In 1975, as a newly minted PhD who had just published my first paper on group selection, I was invited by Science magazine to review a book by Michael Gilpin titled Group Selection in Predator Prey Communities. Gilpin was one of the first biologists to appreciate the importance of what Stuart Kauffman would call "the sciences of complexity." In his book, he was claiming that complex interactions could make group selection a more important evolutionary force than the vast majority of biologists had concluded on the basis of more simple mathematical models.
Some background: Group selection refers to the evolution of traits that increase the fitness of whole groups, compared to other groups. These traits are often selectively disadvantageous within groups, creating a conflict between levels of selection. Group selection requires the standard ingredients of natural selection-a population of groups, that vary in their phenotypic properties in a heritable fashion, with consequences for collective survival and reproduction. Standard population genetics models give the impression that groups are unlikely to vary unless they are initiated by small numbers of individuals with minimal migration among groups during their existence. This kind of reasoning turned group selection into a pariah concept in the 1960's , taught primarily as an example of how not to think. I had become convinced that group selection could be revived for smaller, more ephemeral groups that I called "trait groups." Gilpin was suggesting that group selection could also be revived for larger, geographically isolated groups on the basis of complex interactions.
Gilpin focused on the most famous conjecture about group selection, advanced by V.C. Wynne-Edwards in 1962, that animals evolve to avoid overexploiting their resources. Wynne-Edwards had become an icon for everything that was wrong and naïve about group selection. Gilpin boldly proposed that animals could indeed evolve to "manage" their resources, based on non-linearities inherent in predator-prey interactions. As resource exploitation evolves by within-group selection, there is not a gradual increase the probability of extinction. Instead, there is a tipping point that suddenly destabilizes the predator-prey interaction, like falling off a cliff. This discontinuity increases the importance of group selection, keeping the predator-prey interaction in the zone of stability.
I didn't get it. To me, Gilpin's model required a house-of-cards of assumptions, a common criticism leveled against earlier models of group selection. I therefore wrote a tepid review of Gilpin's book. I was probably also influenced by a touch of professional jealousy, as someone who myself was trying to acquire a reputation for reviving group selection!
I didn't get the complexity revolution until I read James Gleik's Chaos: Making A New Science, which I regard as one of the best books ever written about science for a general audience. Suddenly I realized that as complex systems, higher-level biological units such as groups, communities, ecosystems, and human cultures would almost certainly vary in their phenotypic properties and that some of this phenotypic variation might be heritable. Complexity theory became a central theme in my own research.

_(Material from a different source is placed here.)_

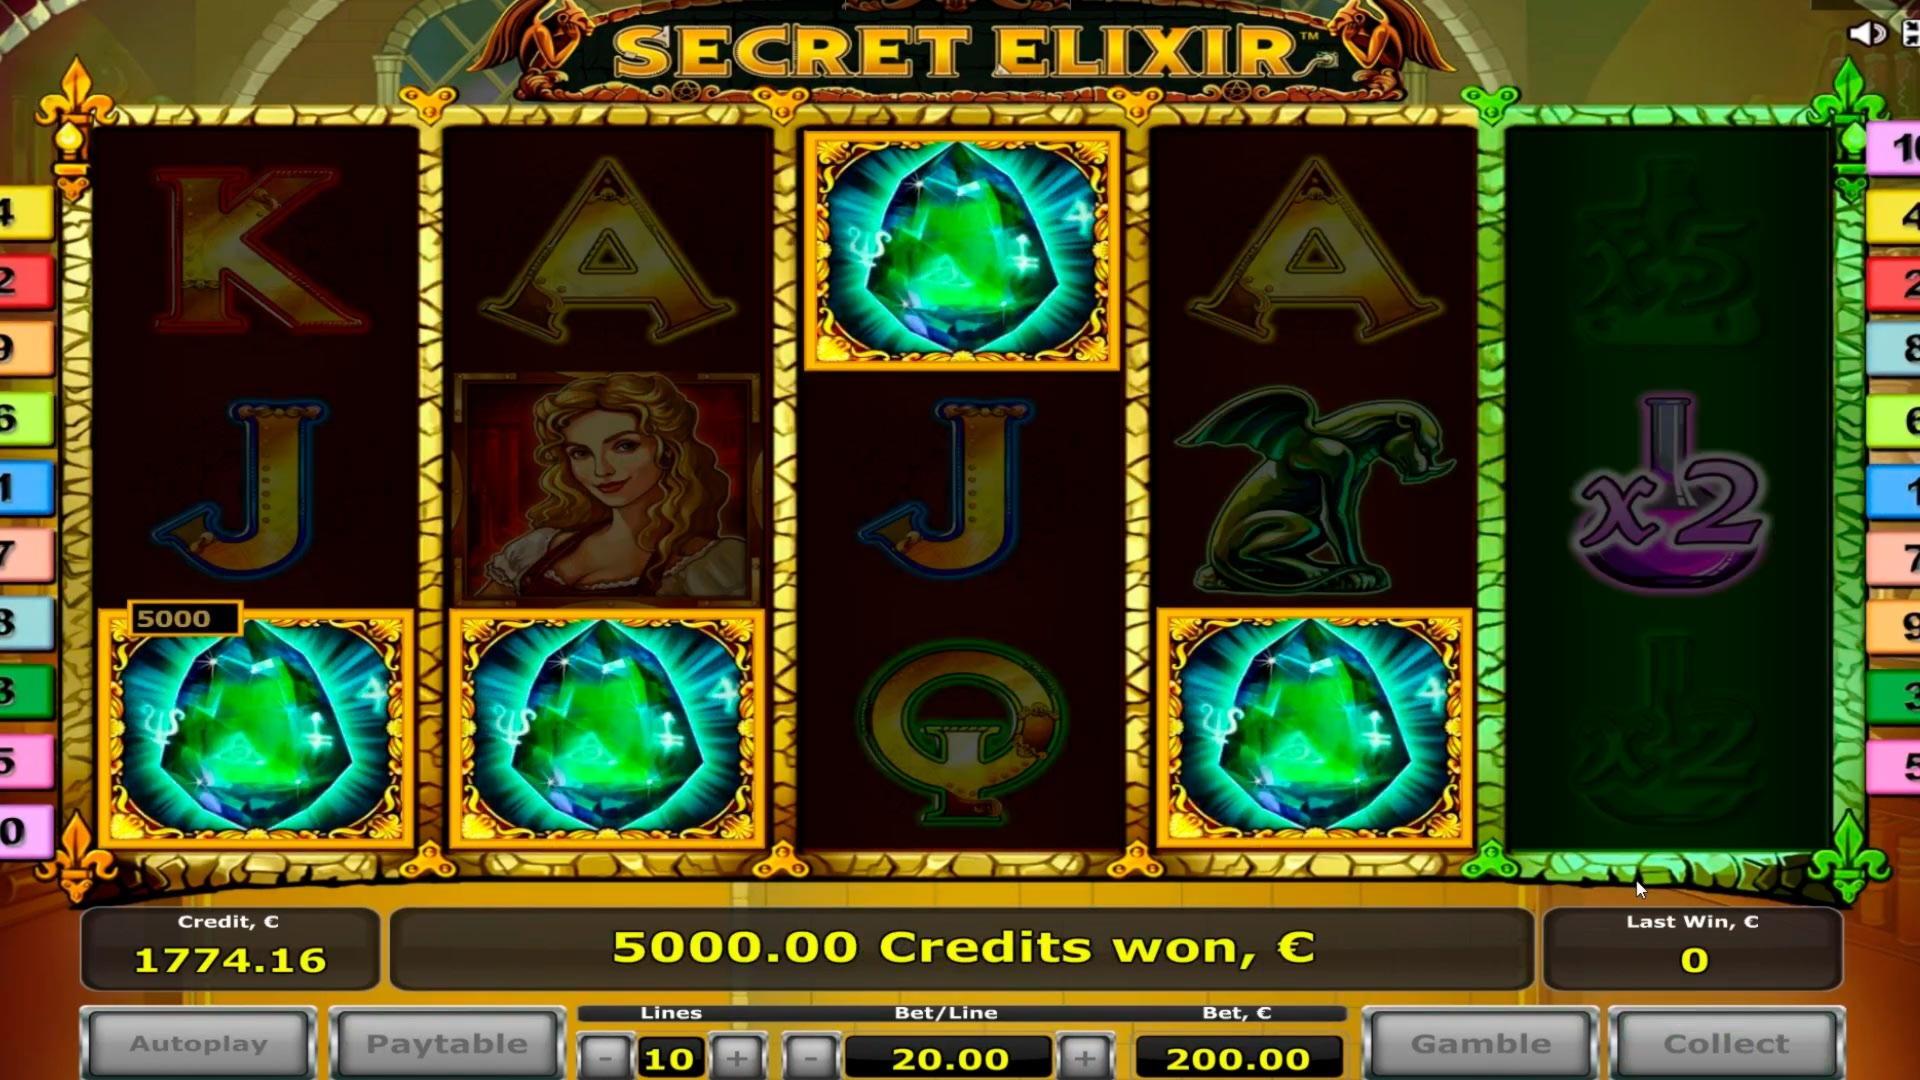 € 195 Online Casino Tournament في كازينو الطرف

As one experimental demonstration, William Swenson (then my graduate student) created a population of microbial ecosystems by adding 1 ml of pond water from a single, well-mixed source to test tubes containing 29 ml of sterilized growth medium. This amount of pond water includes millions of microbes, so the initial variation among the test tubes, based on sampling error, was vanishingly small. Nevertheless, within four days (which amounts to many microbial generations) the test tubes varied greatly in their composition and phenotypic properties, such as the degradation of a toxic compound that was added to each test tube. Moreover, when the test tubes were selected on the basis of their properties to create a new generation of microbial ecosystems, there was a response to selection. We could select whole ecosystems for their phenotypic properties (in our case, to degrade a toxic compound), in exactly the same way that animal and plant breeders are accustomed to selecting individual organisms!

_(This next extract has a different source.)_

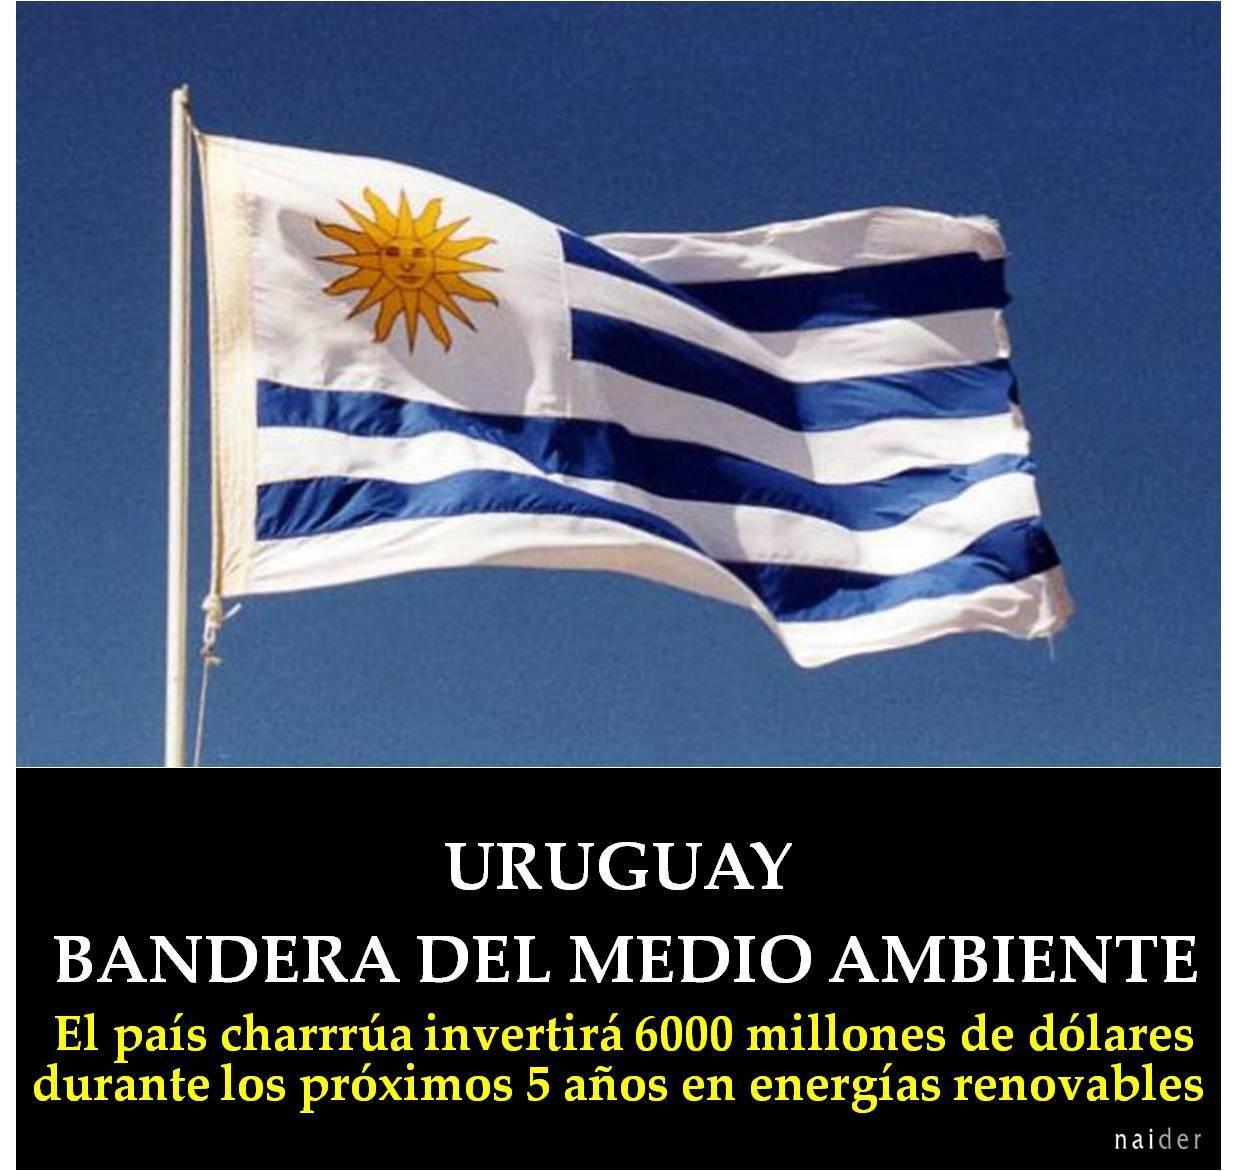 Uruguay bandera del medio ambiente buena

These results are mystifying in terms of models that assume simple interactions but make perfect sense in terms of complex interactions. Most people have heard about the famous "butterfly effect" whereby an infinitesimal change in initial conditions becomes amplified over the course of time for a complex physical system such as the weather. Something similar to the butterfly effect was occurring in our experiment, amplifying infinitesimal initial differences among our test tubes into substantial variation over time. A response to selection in the experiments is proof that variation caused by complex interactions can be heritable.
Thanks in large part to complexity theory, evolutionary biologists are once again studying evolution as a multi-level process that can evolve adaptations above the level of individual organisms. I welcome this opportunity to credit Michael Gilpin for the original insight.